The Pacific™ Plus PTA Catheter is intended to dilate stenoses in the iliac, femoral, iliofemoral, popliteal, infrapopliteal and renal arteries; and for the treatment of obstructive lesions of native or synthetic arteriovenous dialysis fistulae.

Warning: Prior to use, refer to the Instructions for Use supplied with these devices for indications, contraindications, side effects, suggested procedure, warnings and precautions.
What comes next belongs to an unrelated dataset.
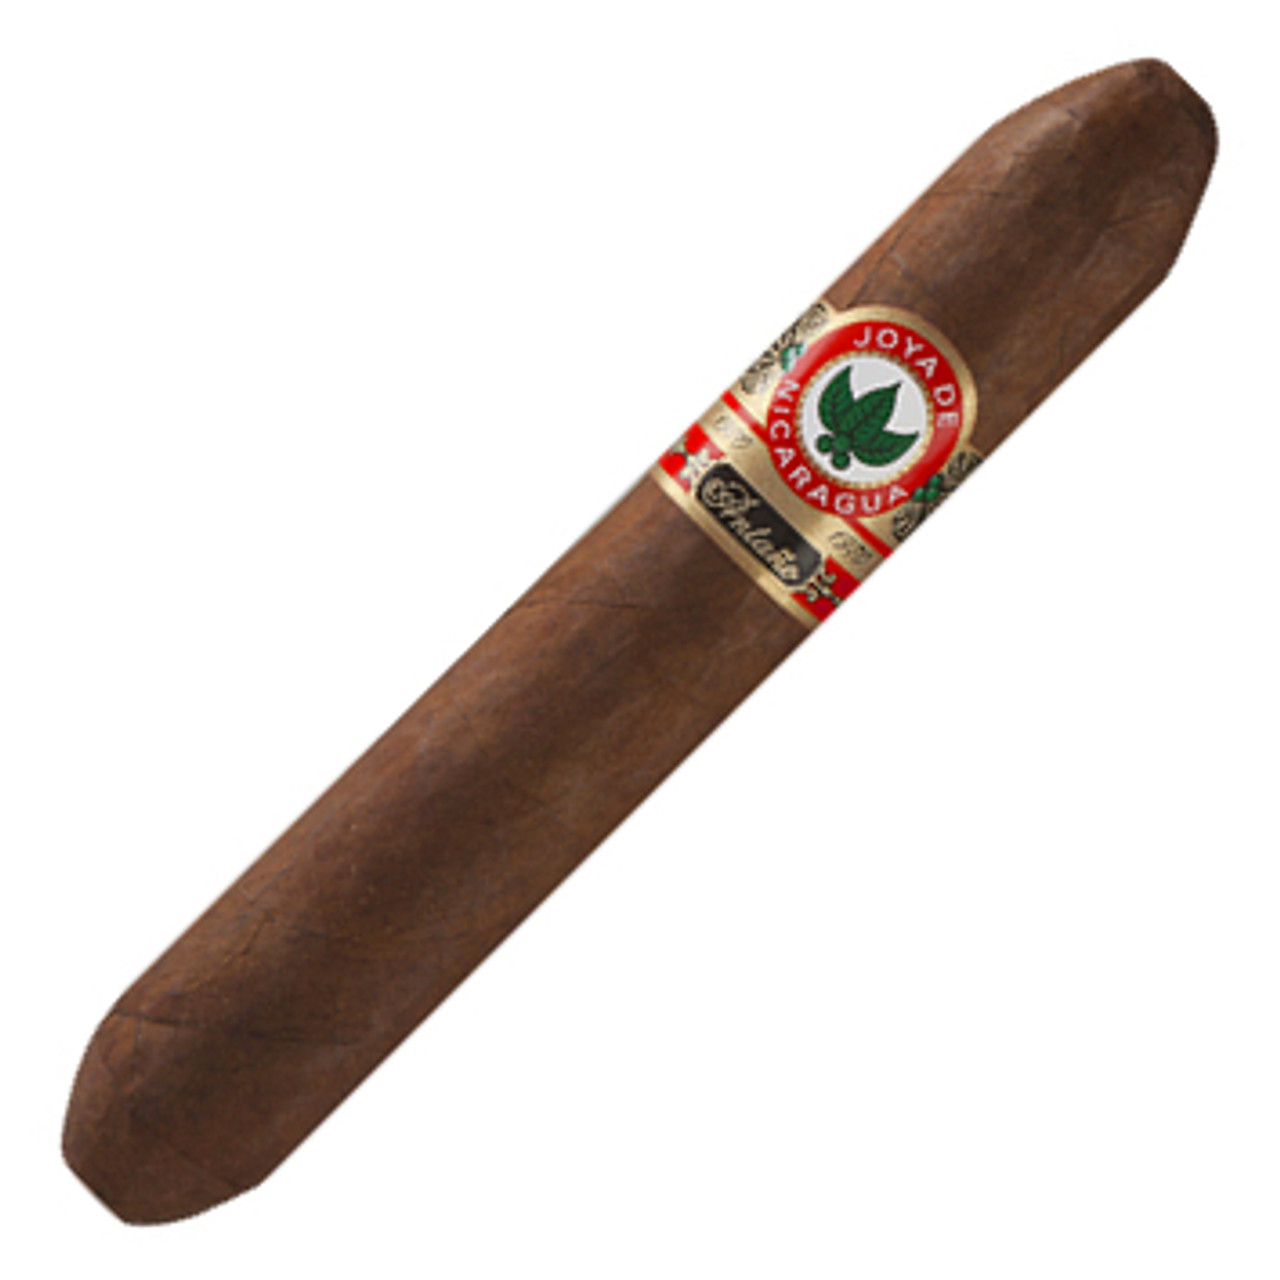 Joya de Nicaragua Antano Gran Perfecto Cigars - 6 x 60 (Box of 20)
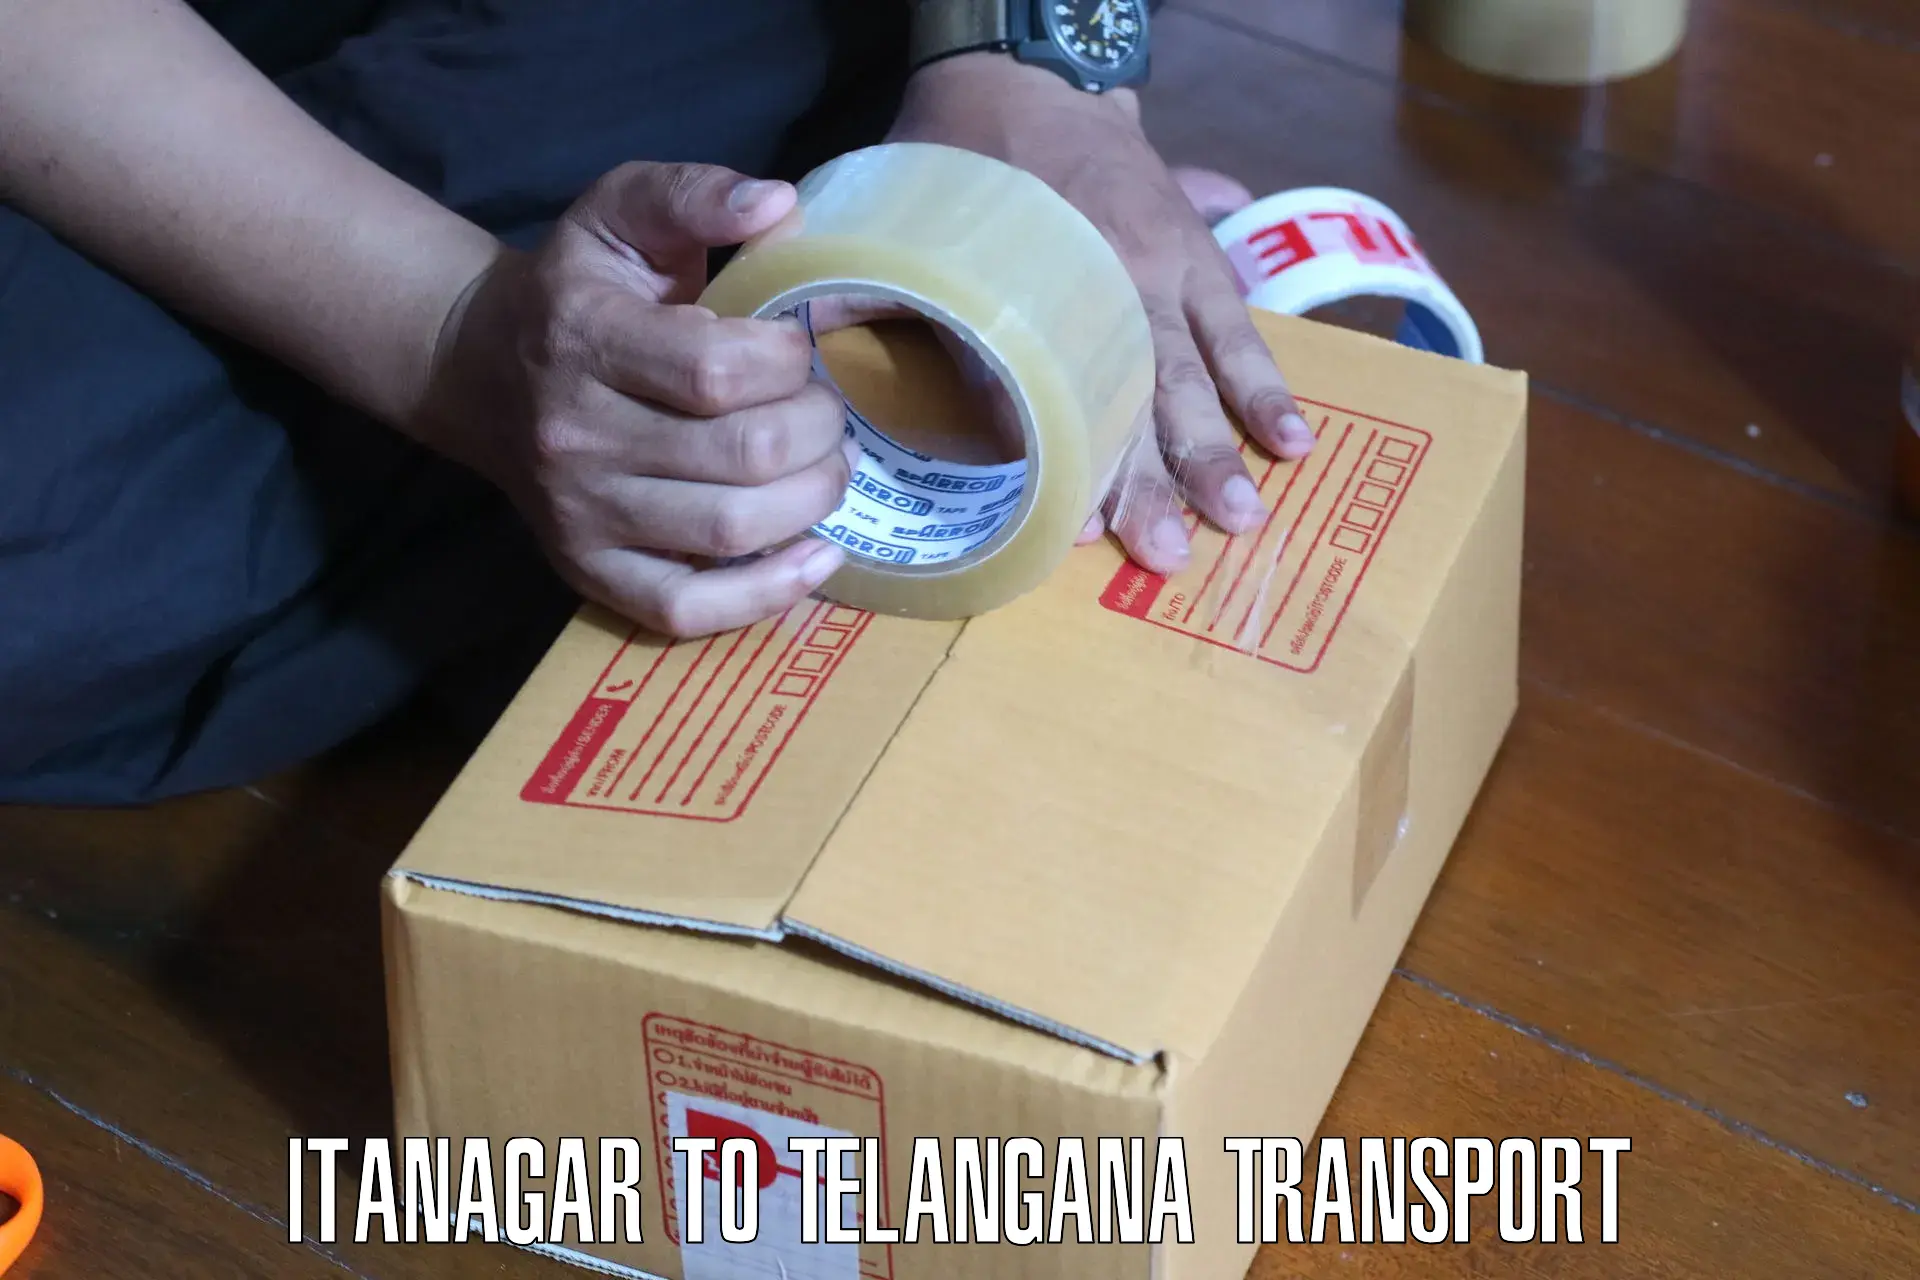 Shipping partner Itanagar to Devarakonda

Warning: Do not exceed the rated burst pressure.

Caution: Larger models of the Pacific™ Plus PTA catheter may exhibit slower deflation times, particularly on long catheter shafts.

Potential Adverse Events: Possible adverse events associated with use of the Pacific™ Plus PTA Catheter include, but are not limited to, complications related to puncture such as, but not limited to, local hematoma, infection and hemorrhage; dilatation related complications including, but not limited to, dissection, perforation and restenosis; angiography related complications such as, but not limited to, hypotension, drug/allergic reactions and death.

Caution: Federal (USA) law restricts these devices to sale by or on the order of a physician.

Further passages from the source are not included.